Since the COVID-19 outbreak demand for weed and byproducts has remained strong across the state. A recent survey by New Frontier Data confirmed this growing demand nationally reporting that 29% of consumers reported an increase in their personal consumption as a response to COVID-19.
It also doesn’t hurt that CTI is located in California, which is expected to post a record USD$3.1 billion in licensed cannabis sales for 2019, effectively cementing its status as the largest cannabis market in the world. Sales are up 23% from an approximate $2.5 billion in 2018, according to recent analysis by Arcview Market Research and BDS Analytics.
Right in the centre of March when all of this kicked off is clearly the biggest dip down to $0.4, and afterwards we have a resemblance of recovery, as the company touched $0.08 briefly and has settled in today to close at $.065.
Hide Tide lifts all boats – maybe
In contrast to all of the other entries in this list, High Tide’s (HITI.C) Canna Cabana locations in Hamilton, Sudbury and Toronto were closed by midnight on Saturday, April 4, culminating in widespread layoffs for retail staff, who can now go home and join us all on the quarantine train while the company waits for the Province of Ontario to get their ass in gear.
So far, though, Doug Ford is the only premier to lay the banhammer down on cannabis shops in Canada. They have 27 other retail shops open across Alberta and Saskatchewan, and the Grasscity website has recently doubled its average weekly sales, because people under quarantine go straight to the internet to get most of the requirements for daily life.
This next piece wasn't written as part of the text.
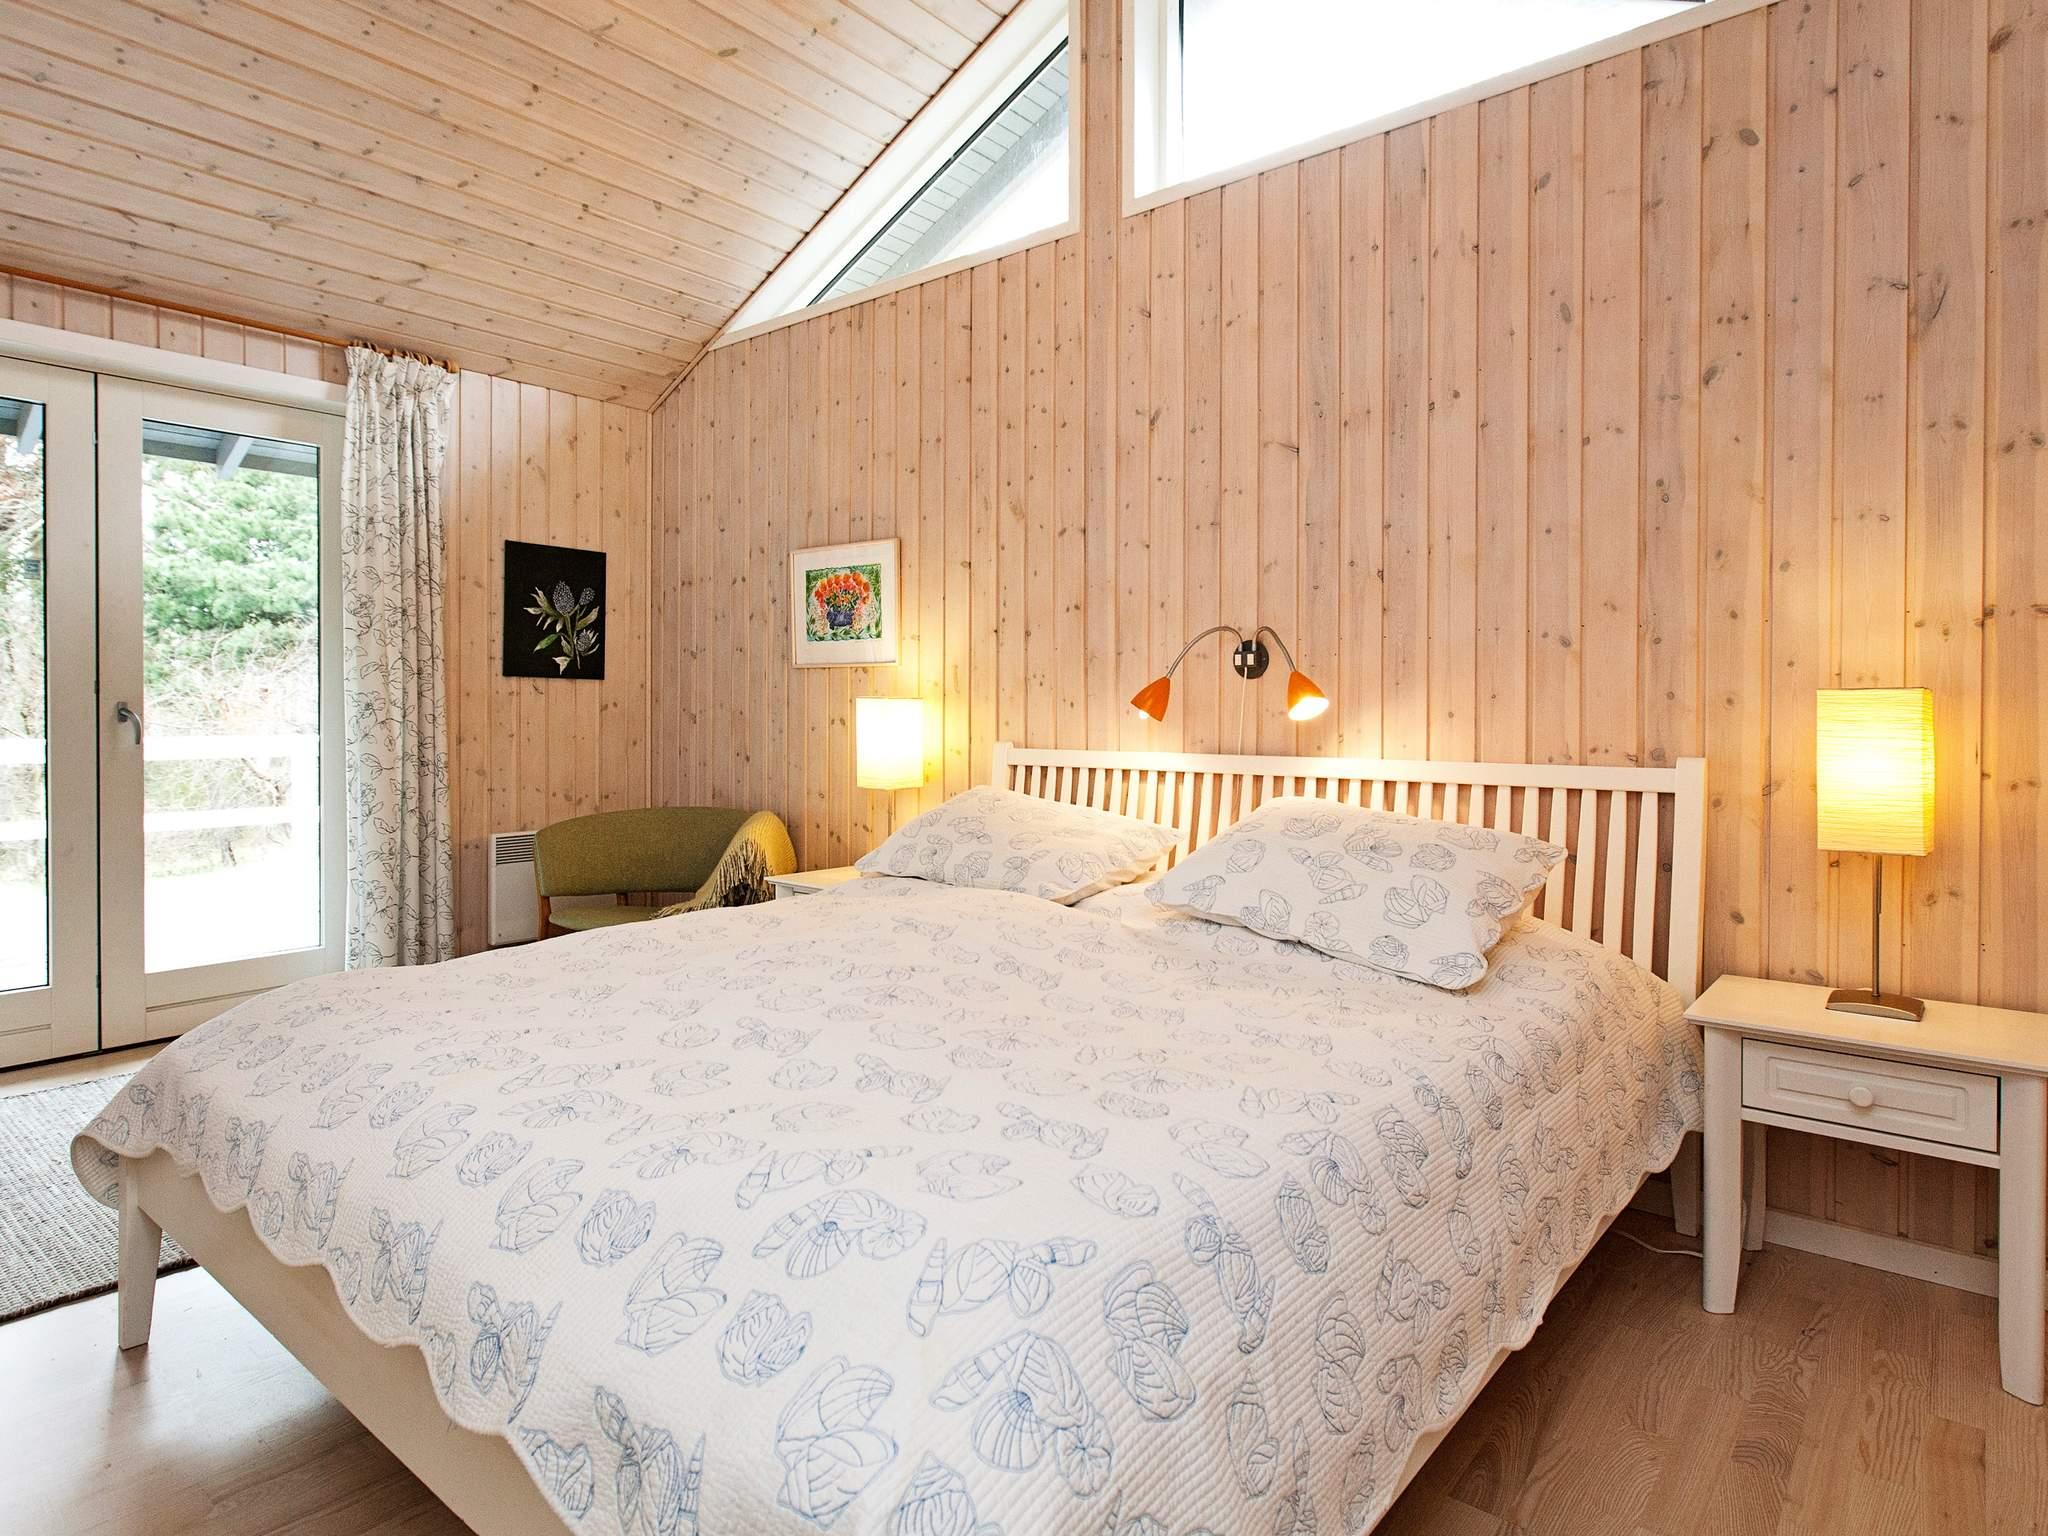 Ferienhaus Udsholt Strand (87426), Udsholt, , Nordseeland, Dänemark, Bild 10

Including weed.
“To mitigate the economic headwinds being caused by the COVID-19 pandemic, we are optimizing staffing levels across the organization, working with landlords to abate or defer rent, minimizing operating expenses, and delaying capital expenditures wherever possible,” said Raj Grover, president and chief executive officer for High Tide.
Their Grasscity website has been a success and the current demand for e-commerce websites is high, and High Tide itself is on track to launch the CBDCity website in mid-April to serve customers primarily in the United States and the European Union. The company isn’t particularly worried about its core expenses during this time, either. They’re sure the credit they’ve acquired from Windsor Capital and the proceeds from their eventual sale of the common shares of Halo Labs will see them through these hard times.
This just in:
These are truly strange times we live in.
The Ontario government changed their mind today, and High Tide is going isn’t closing their stores and their people aren’t laid off.
“We applaud the Ontario government for openly listening to stakeholders, swiftly amending its position and reasonably allowing retail stores to reopen and provide customers with access to legal recreational cannabis products and accessories. All three Canna Cabana locations in Ontario are ready to receive click-and-collect orders via [the Canna Cabana website] and take orders over the phone for pickup at each store, while we continue to explore the option of providing deliveries to our valued customers,”” said Grover.
Now the real question remains: did Doug Ford have a stroke, or something? That dude never changes his mind about anything.
And then there’s High Tide’s chart, where you can barely see the bottom of the coronavirus dip. But it does continue with a curious trend towards recovery. Five disparate companies with five similar chart patterns still really isn’t enough to definitively say we’ve seen the bottom and sound the trumpets for a recovery period, but it is enough to indicate a pattern, a correlation and a probability.
Let’s hope it’s roses from here on out.